Segment Start: Study material

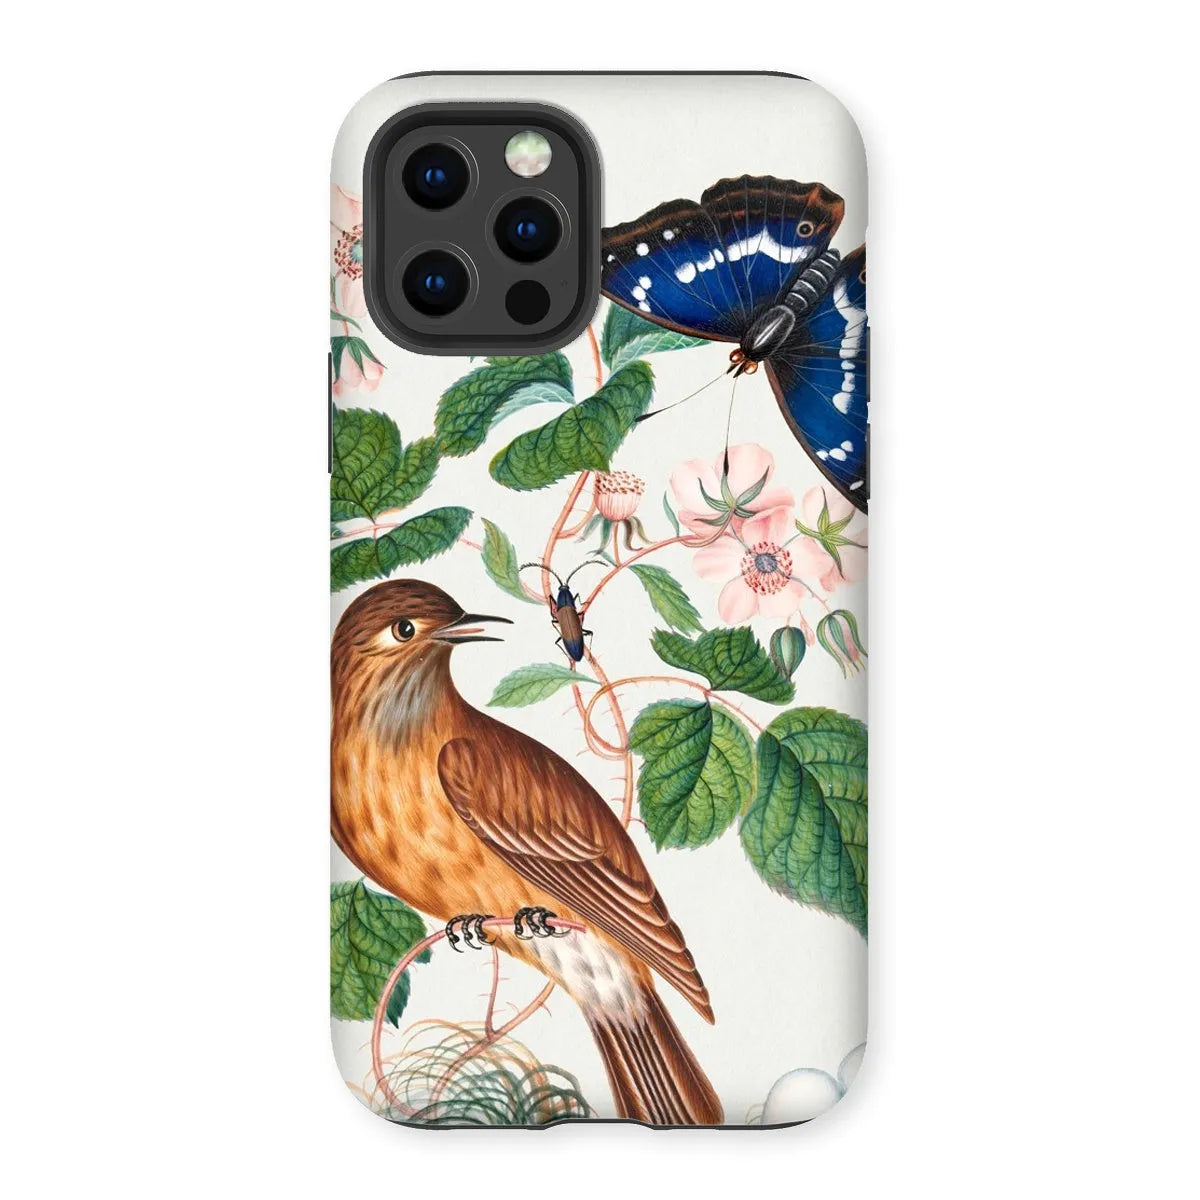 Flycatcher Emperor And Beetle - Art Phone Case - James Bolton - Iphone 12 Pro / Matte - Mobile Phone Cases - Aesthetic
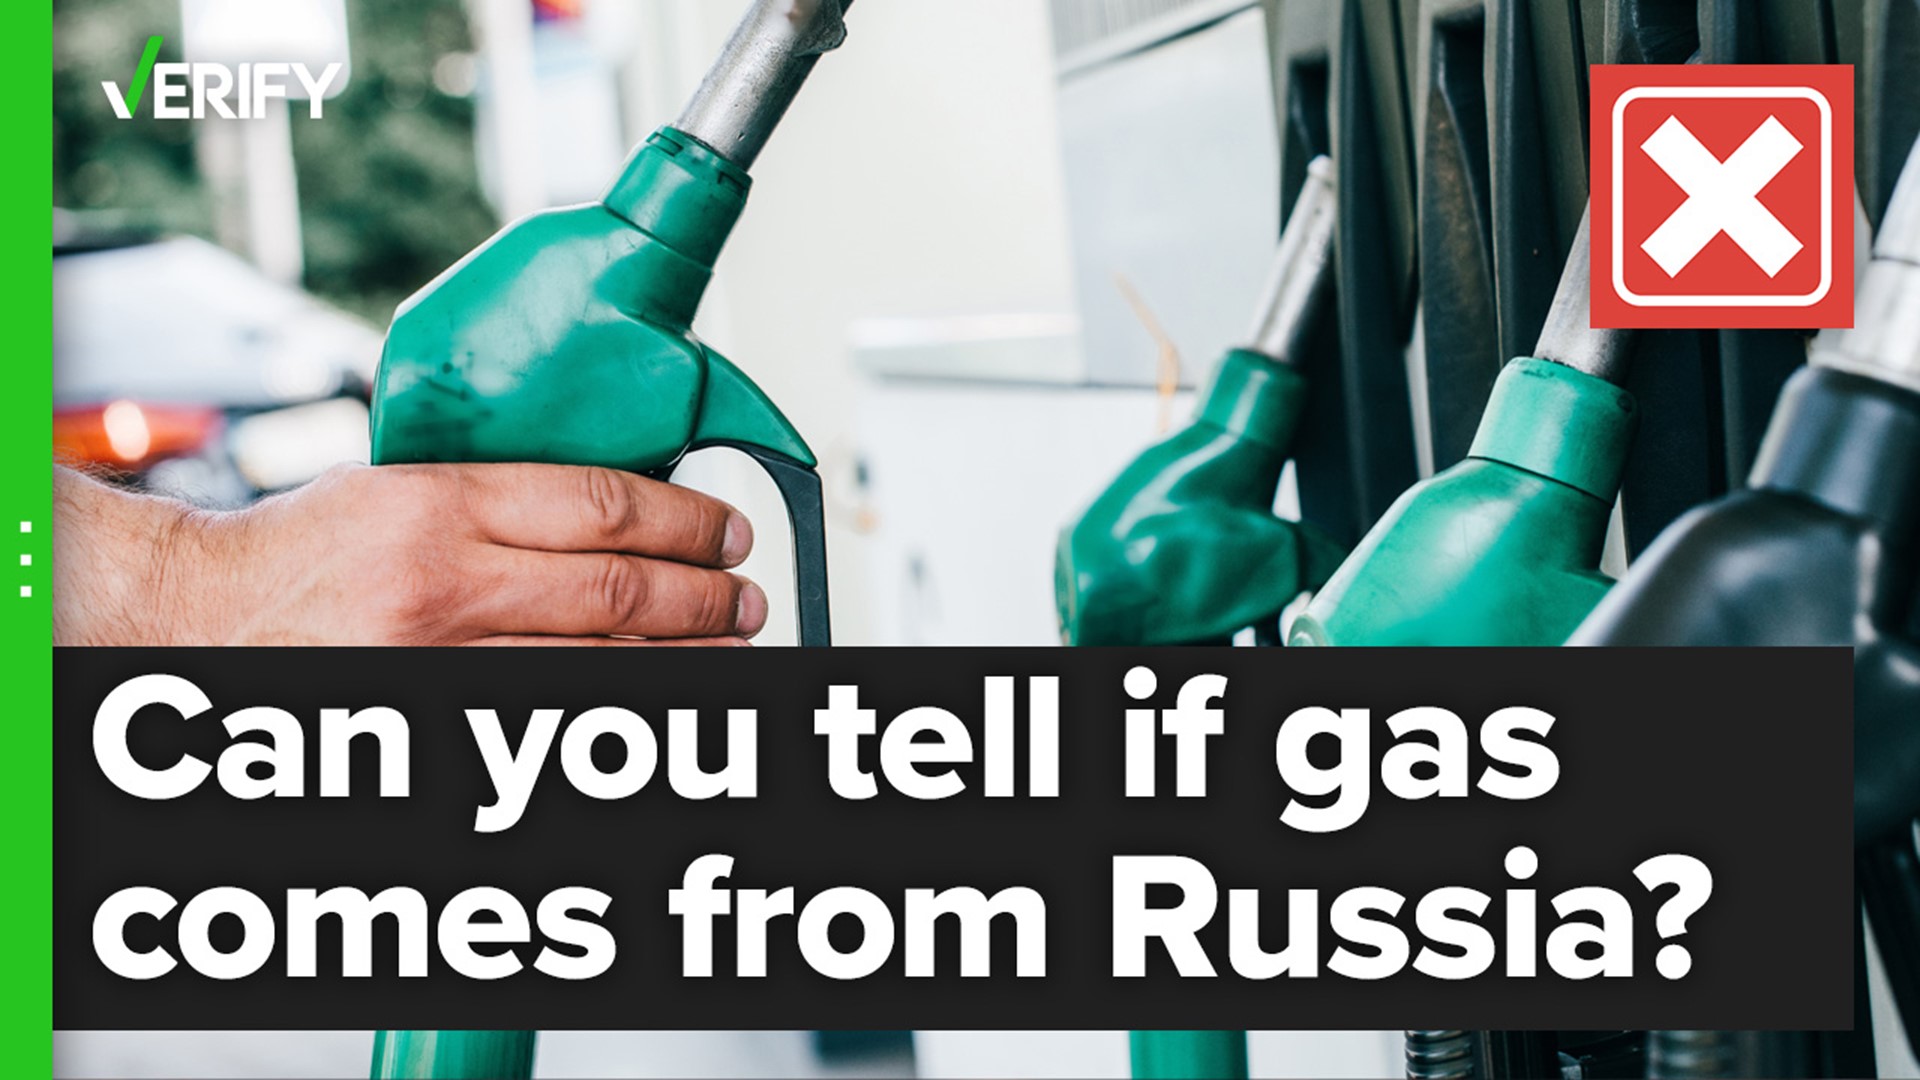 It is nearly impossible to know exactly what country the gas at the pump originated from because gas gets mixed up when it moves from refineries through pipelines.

Segment End: Study material
Segment Start: Study material

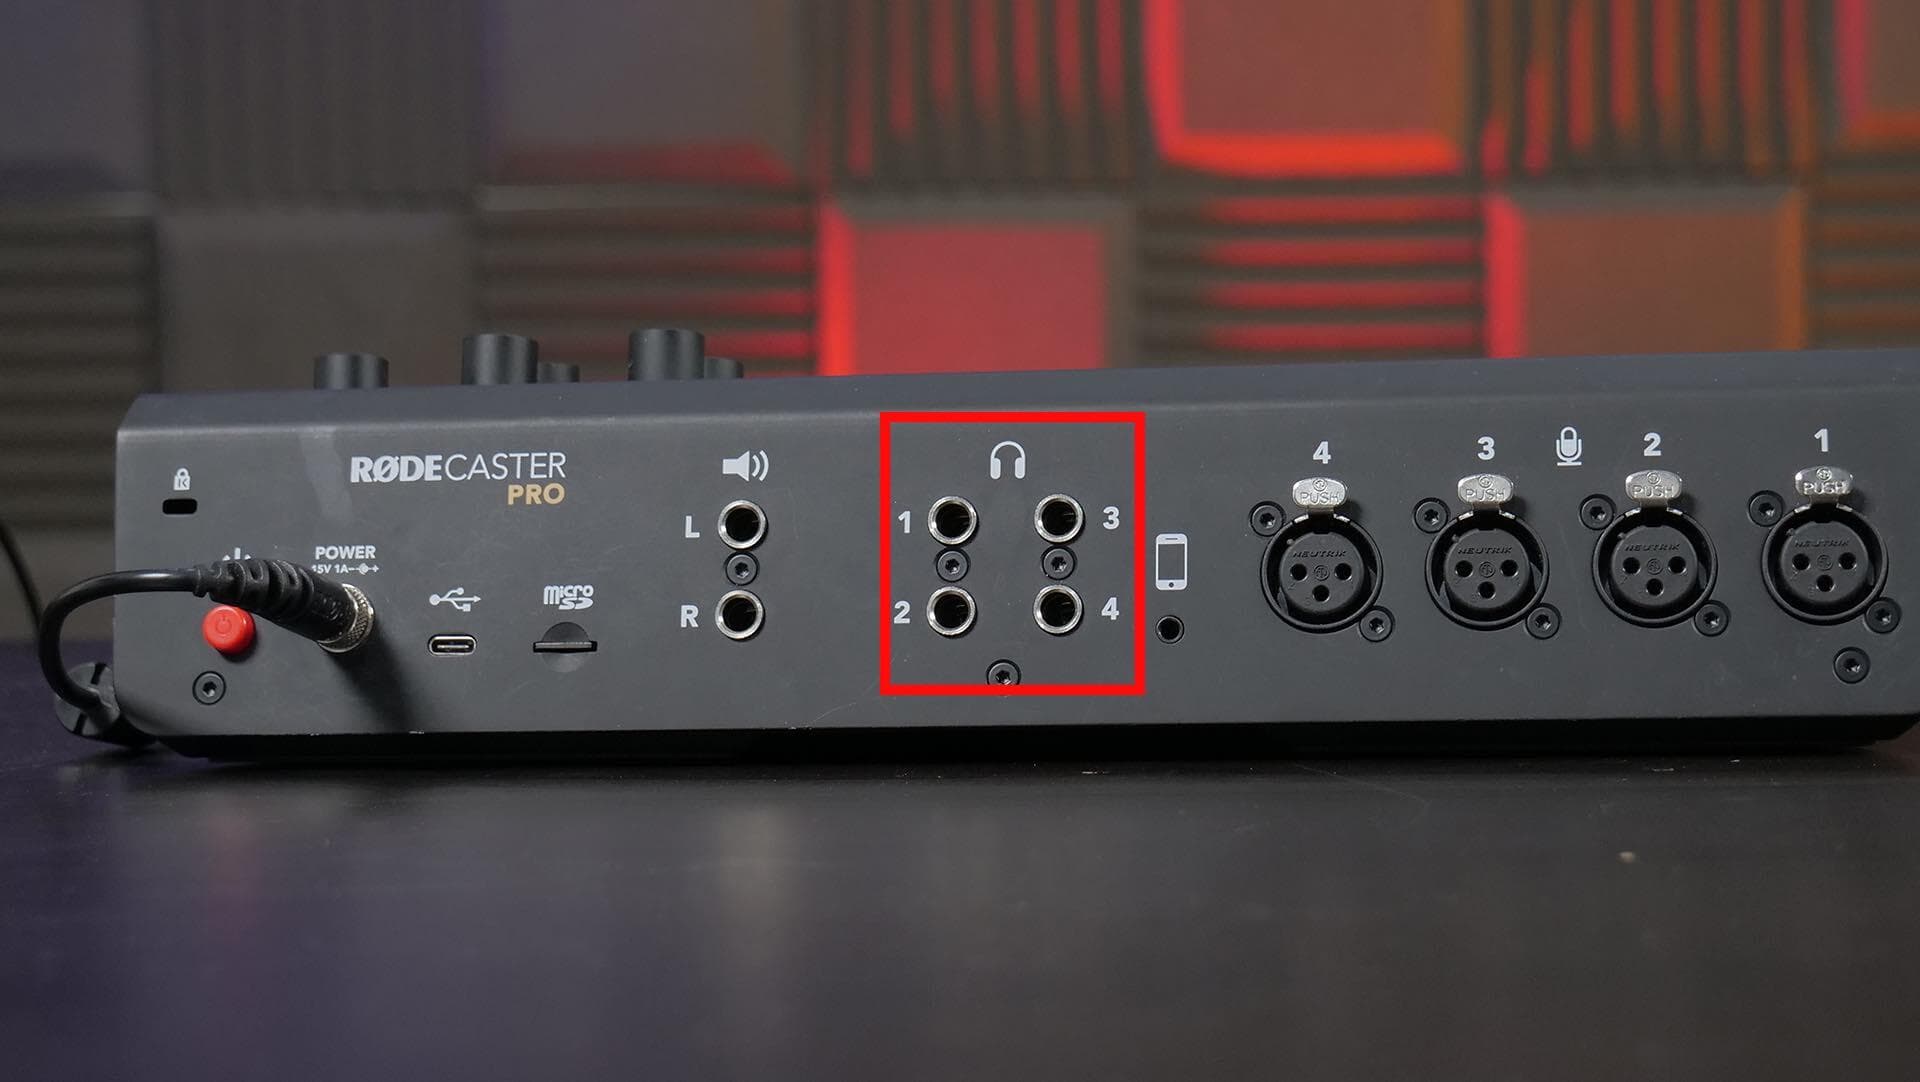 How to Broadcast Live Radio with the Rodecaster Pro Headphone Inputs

Segment End: Study material
Segment Start: Study material

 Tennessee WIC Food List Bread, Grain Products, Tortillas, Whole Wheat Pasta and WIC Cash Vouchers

Segment End: Study material

• Task directions: Give back exactly the lines of the listing above from the one that contains "Flycatcher Emperor And" up to and including the one that contains "It is nearly", but not the pictures, and no other lines.

• Answer box:
 Flycatcher Emperor And Beetle - Art Phone Case - James Bolton - Iphone 12 Pro / Matte - Mobile Phone Cases - Aesthetic
 It is nearly impossible to know exactly what country the gas at the pump originated from because gas gets mixed up when it moves from refineries through pipelines.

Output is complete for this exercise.